AGENZIA DELLE ENTRATE, in persona del Direttore pro tempore,

rappresentata e difesa dall’Avvocatura Generale dello Stato, con

domicilio eletto in Roma, via Dei Portoghesi, n. 12;

– controricorrente –

avverso la sentenza della Commissione Tributaria Regionale della

Sardegna, n. 123/1/2013 depositata il 21 ottobre 2013, non

notificata.

Udita la relazione svolta nell’adunanza camerale del 29 settembre

2020 dal consigliere Pierpaolo Gori.

 

Fatto

RILEVATO

che:

– Con sentenza della Commissione Tributaria Regionale della Sardegna veniva rigettato l’appello proposto dalla società Essepi Immobiliare S.r.l. avverso la sentenza della Commissione Tributaria Provinciale di Cagliari n. 149/2/2011 che, a sua volta, aveva riunito e respinto i ricorsi della contribuente aventi ad oggetto due avvisi di accertamento IVA, IRES, IRAP per gli anni di imposta 2003 e 2004, con cui erano stati determinati maggiori redditi rispetto a determinati contratti di compravendita immobiliare.

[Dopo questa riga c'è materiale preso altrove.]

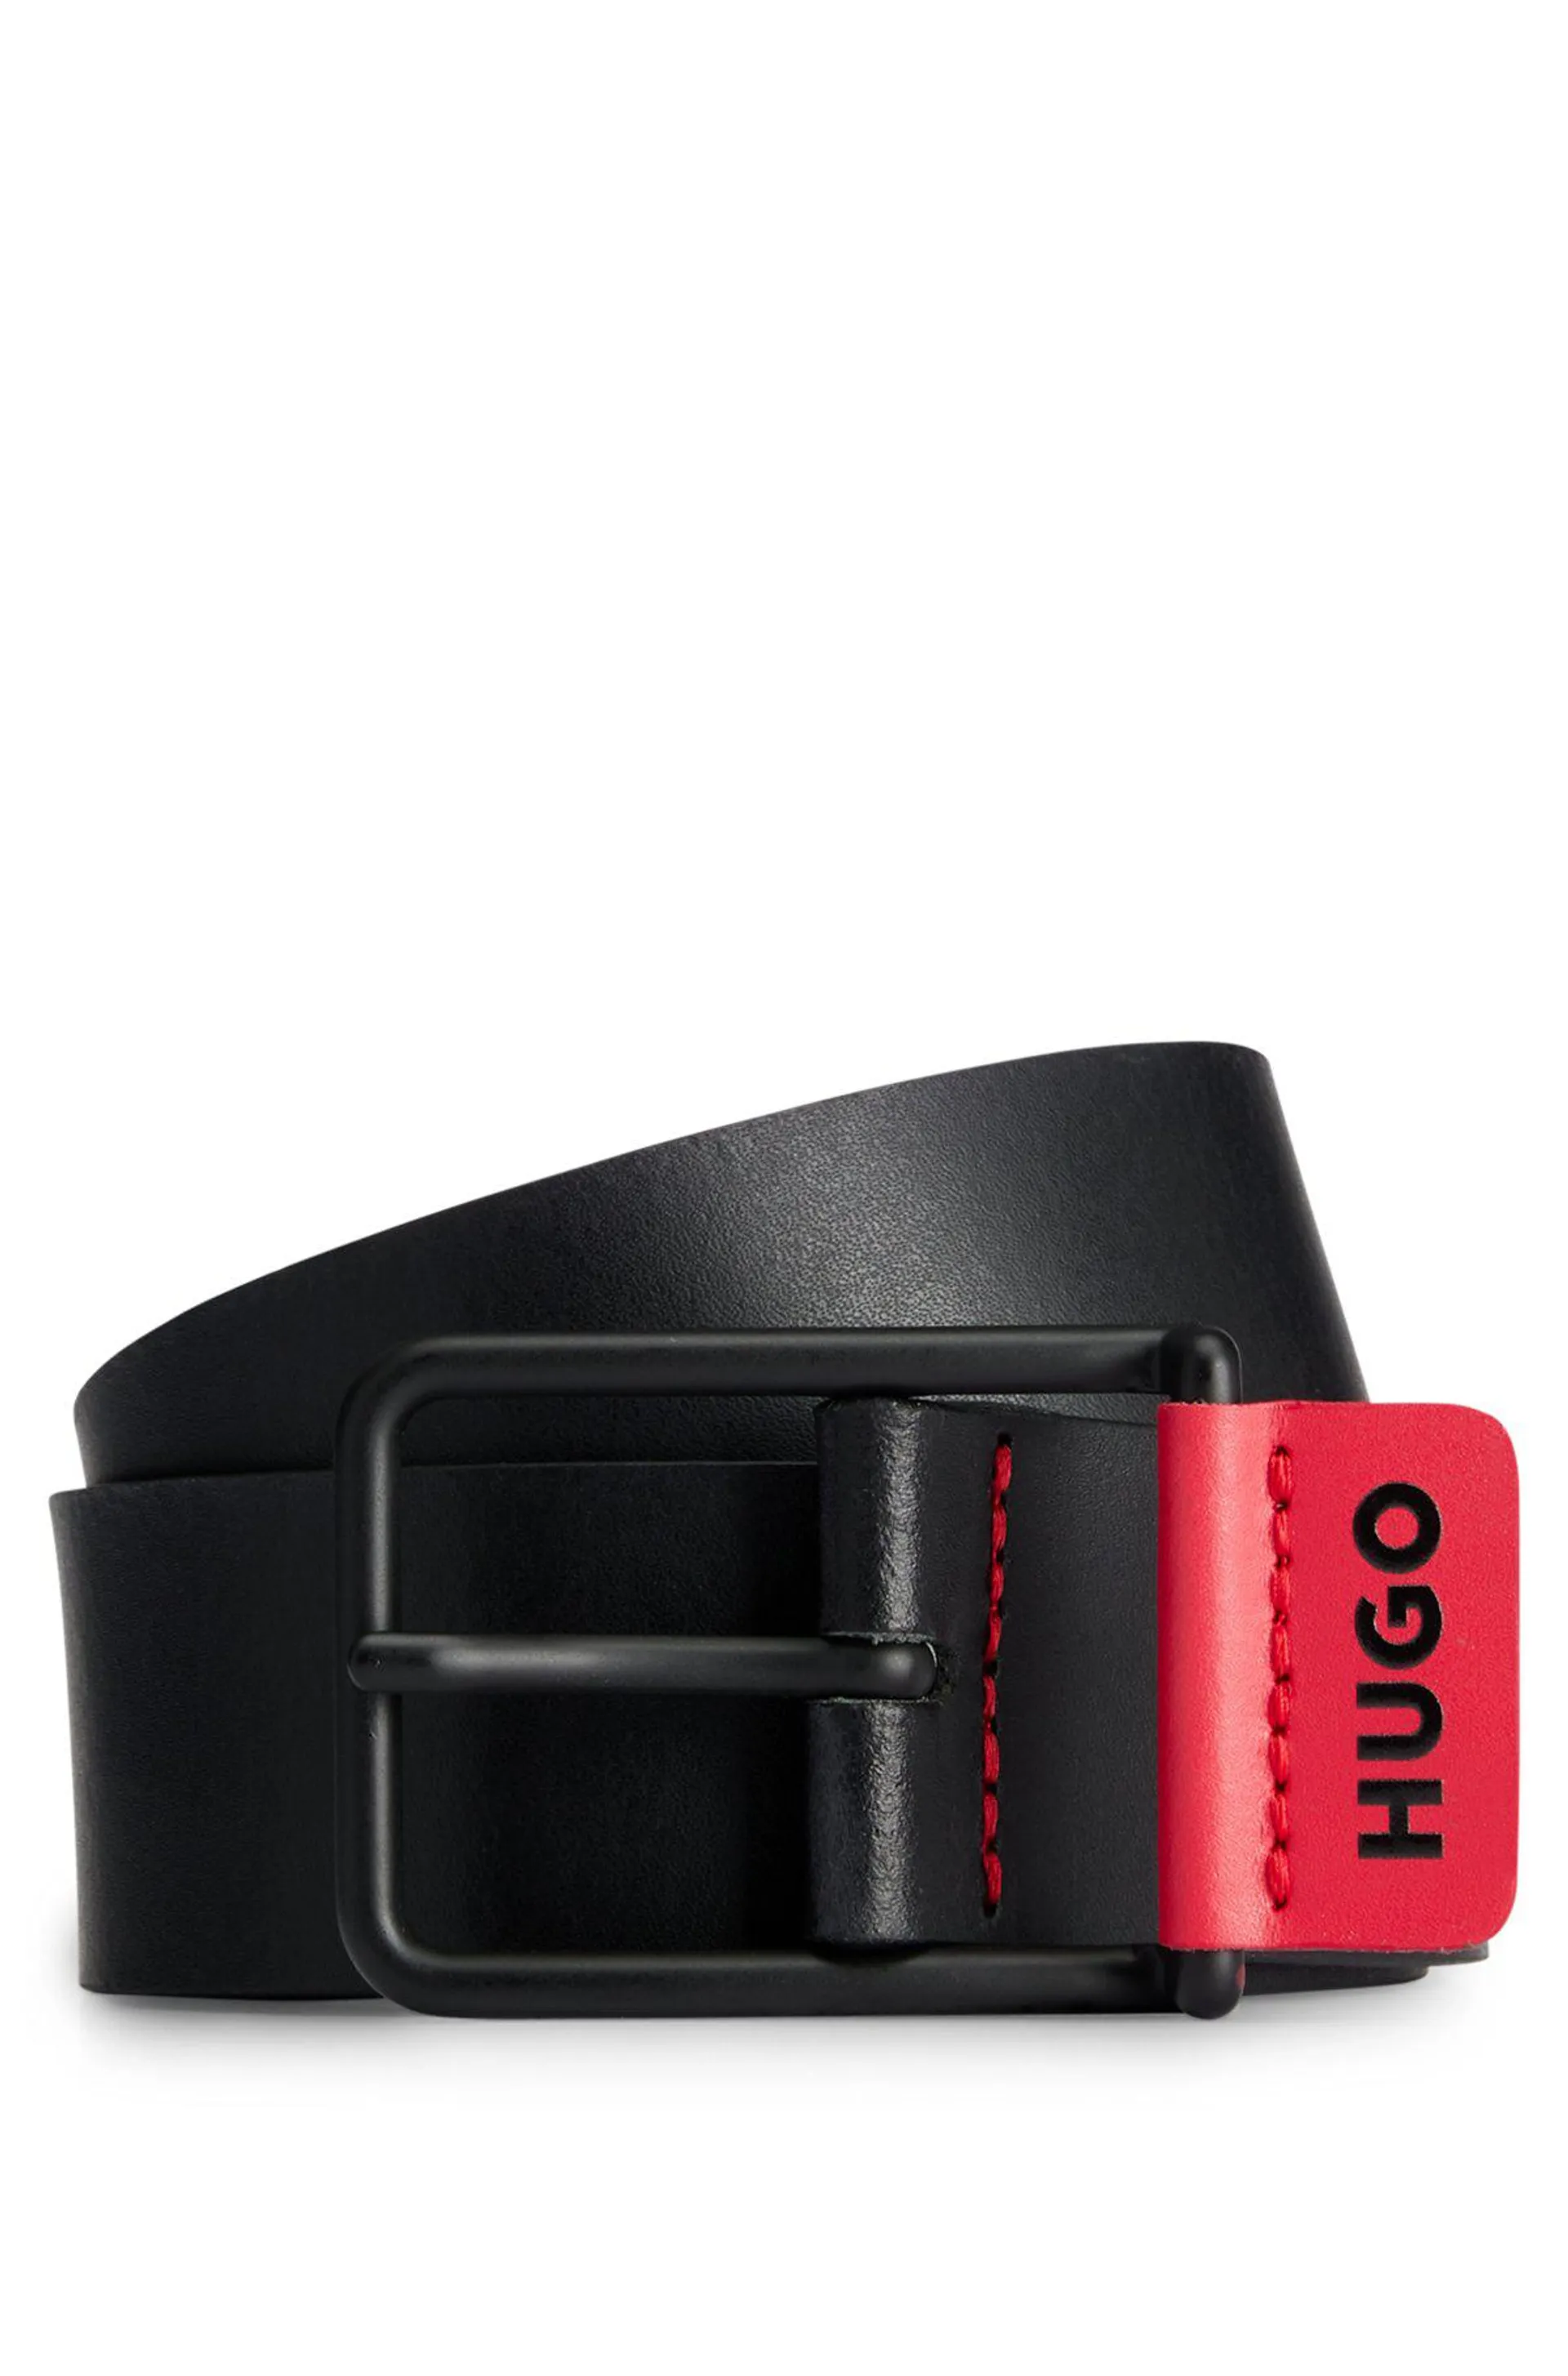 Cinturón de piel con ribete de logo en el rojo de la marca

– La sentenza della CTR confermava l’iter argomentativo del giudice di primo grado, ritenendo dimostrata la prospettazione dell’Agenzia quanto al comportamento antieconomico della contribuente, nella sua attività di vendita di immobili ad uso abitativo da lei stessa edificati, avuto anche riguardo per i prezzi inferiori a quelli dalla stessa società dichiarati per immobili analoghi in altri rogiti, e per la notevole differenza tra i prezzi dichiarati e gli importi mutuati dagli acquirenti garantiti da ipoteca immobiliare sui cespiti.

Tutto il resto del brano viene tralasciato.